Peer to peer (P2P) lenders can offer cheaper credit for borrowers and better rates of return for lenders by cutting out the middle-man: the bank.

A loan you pay off, rather than a credit card balance that rolls over, can also help teach consumers about healthy money habits, the CEO of P2P lender RateSetter Daniel Foggo told Yahoo Finance.

Credit card-holders who always make their payments may not be in the market for a personal loan, but those who have an ongoing unpaid balance could find one useful, he argued.

“There are a lot of people who have significant balances outstanding on their credit cards, so moving to a regime where you’re getting a lower interest rate can save you a lot of money and it gets you into a good habit where you’re getting yourself out of debt and you’re not needing finance,” Foggo said.

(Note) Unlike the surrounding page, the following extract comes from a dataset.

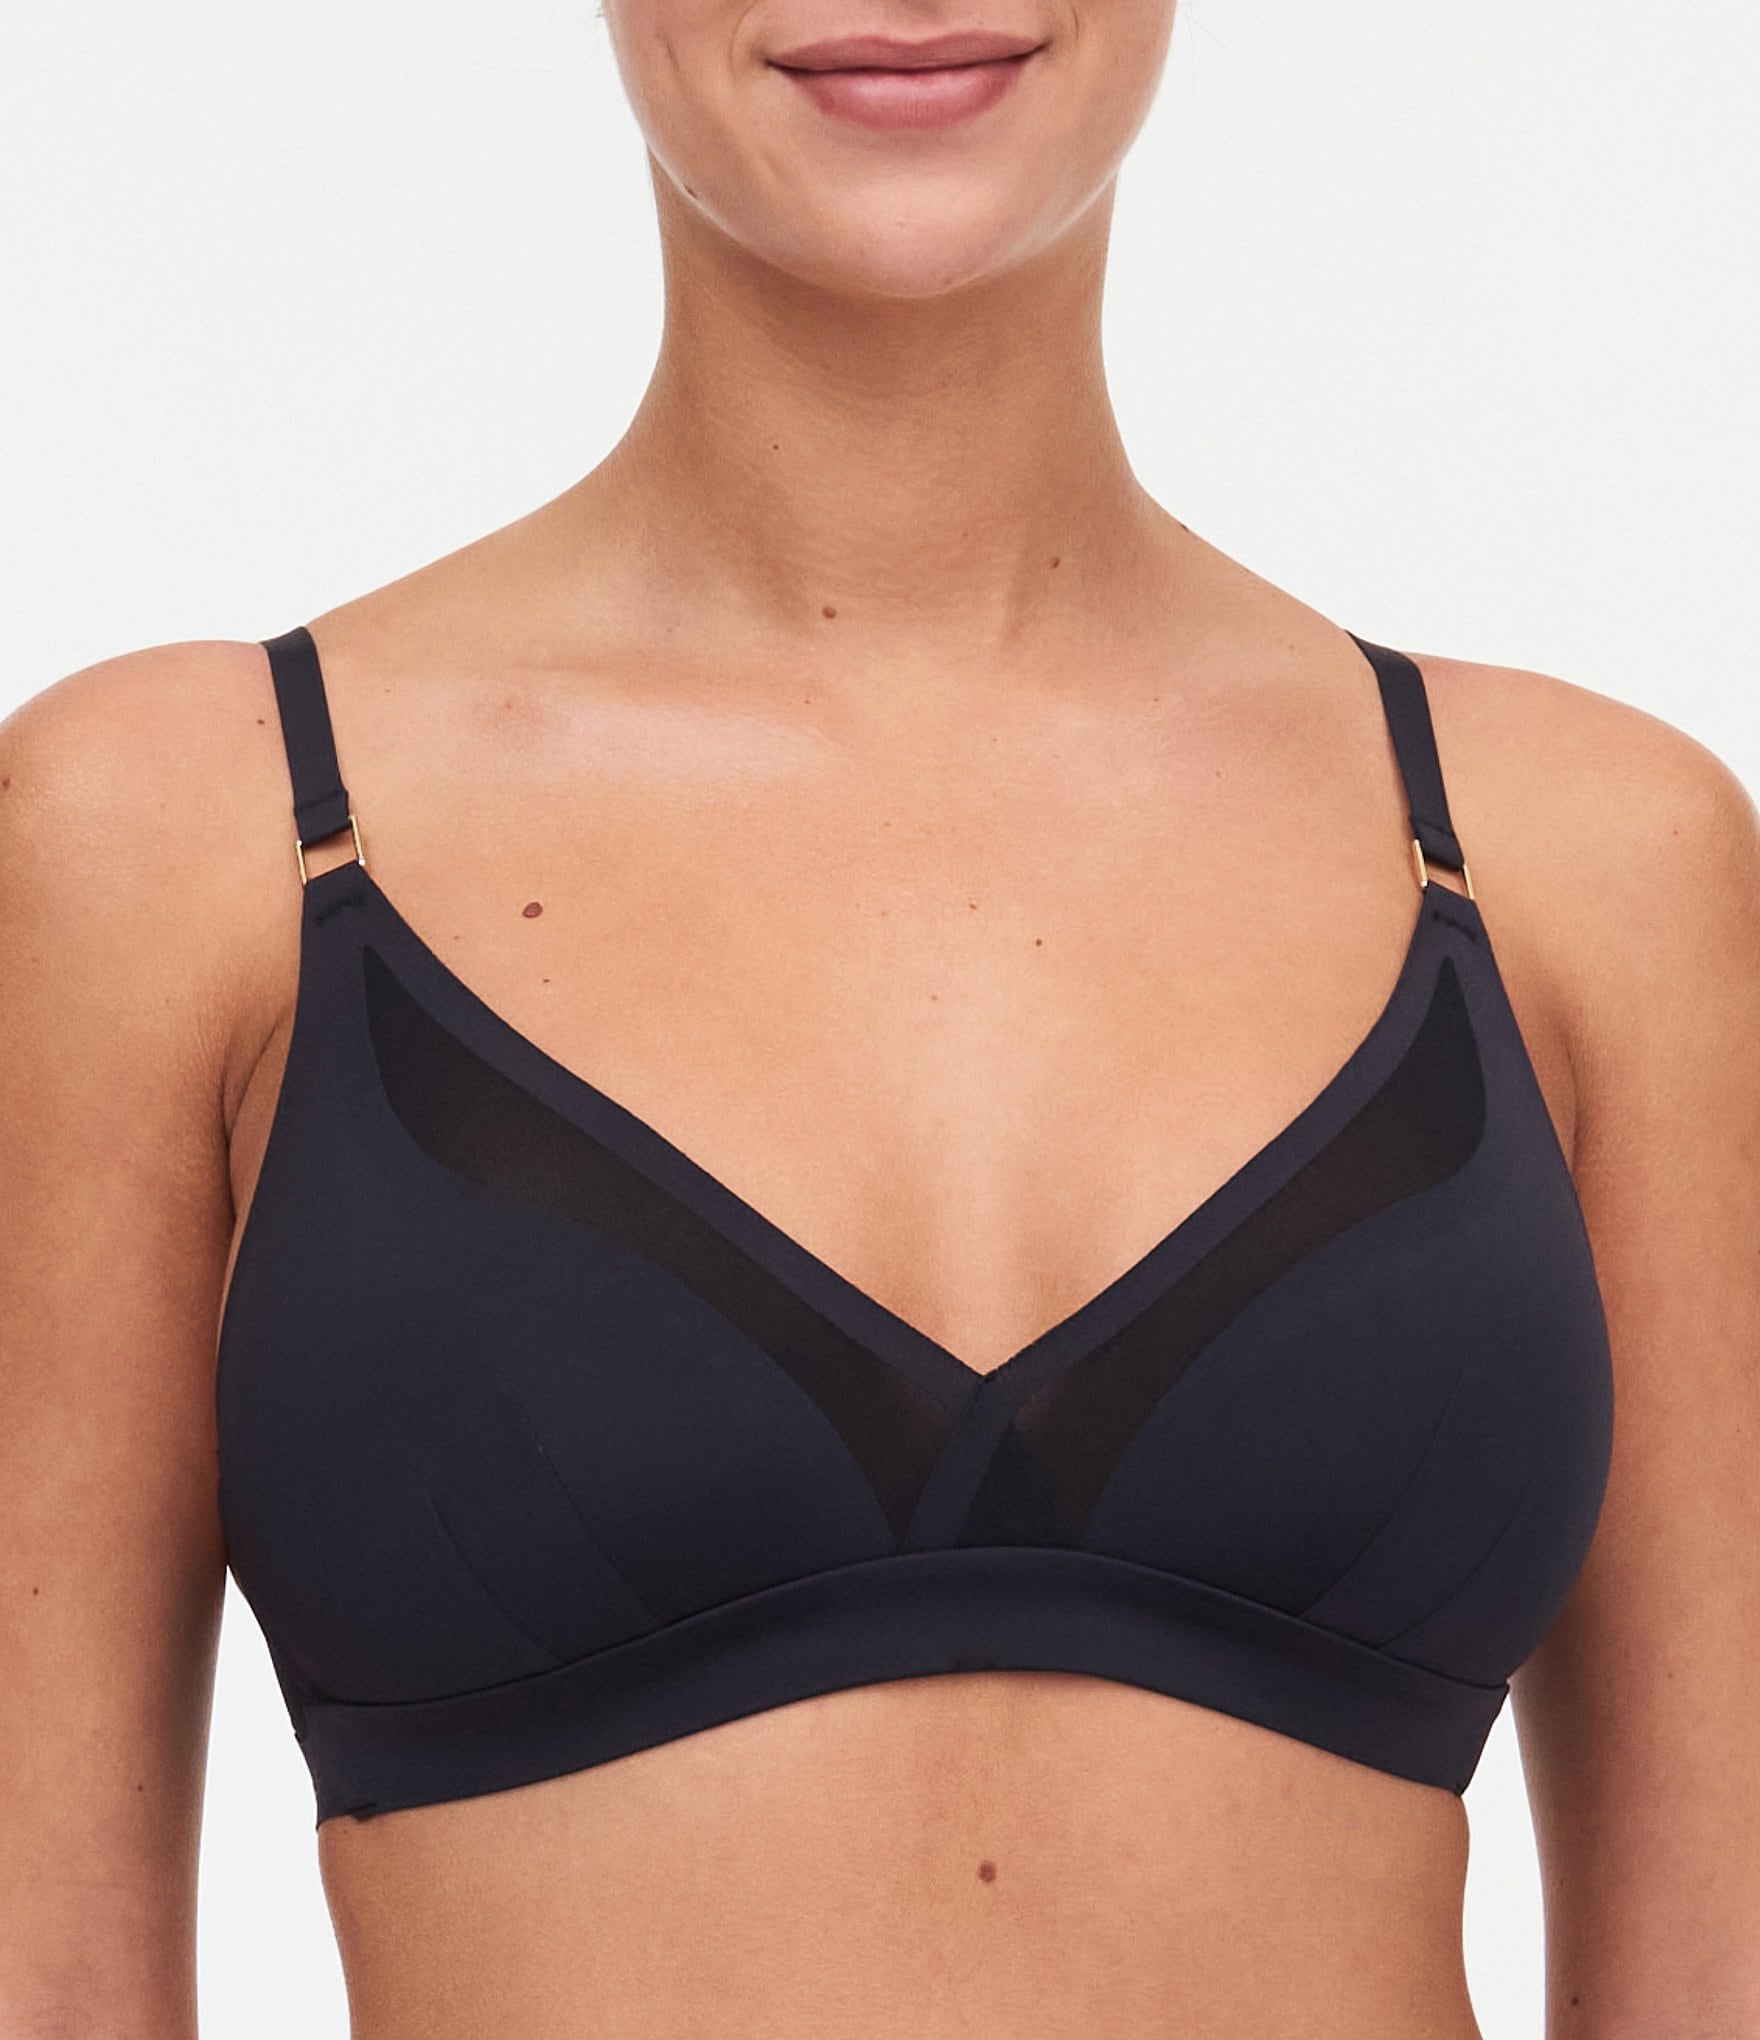 Bra FB-PL Bella  BRAS \ Soft Cup Bras with Underwire BRAS \ Multiway Bras  with Convertible Straps BRAS \ ALL BRAS \ Bras for Narrow Shoulders BRAS \  Bras for Very

If you take a personal loan out via a major bank you’ll be paying around 13 per cent. And even the banks’ low rate cards can come with interest rates of between 13 per cent and 20 per cent on the purchases customers make.

But, P2P lenders like RateSetter offer rates ranging between 4.0 per cent to 17.9 per cent, depending on the loan purpose, length, value and borrower’s credit health. Fellow personal loan provider, SocietyOne offers interest rates from 7.50 per cent.

Credit sector overhaul

The financial regulator, ASIC, has flagged plans to reform the credit sector in a move designed to protect spenders from falling into a debt trap.

The regulator said the changes would discourage card holders from switching regularly to retain a zero or low-interest rate on cards with high maximum balances.

However, these changes will make it more difficult to access higher credit limits and zero-interest balance transfers.

So it’s critical that spenders don’t throw the budget out the window over December.

The next step is to consider switching from expensive debt to cheaper debt.

“By being on the front foot and trying to make sure you’re organised before Christmas, you can obviously save a lot of money.”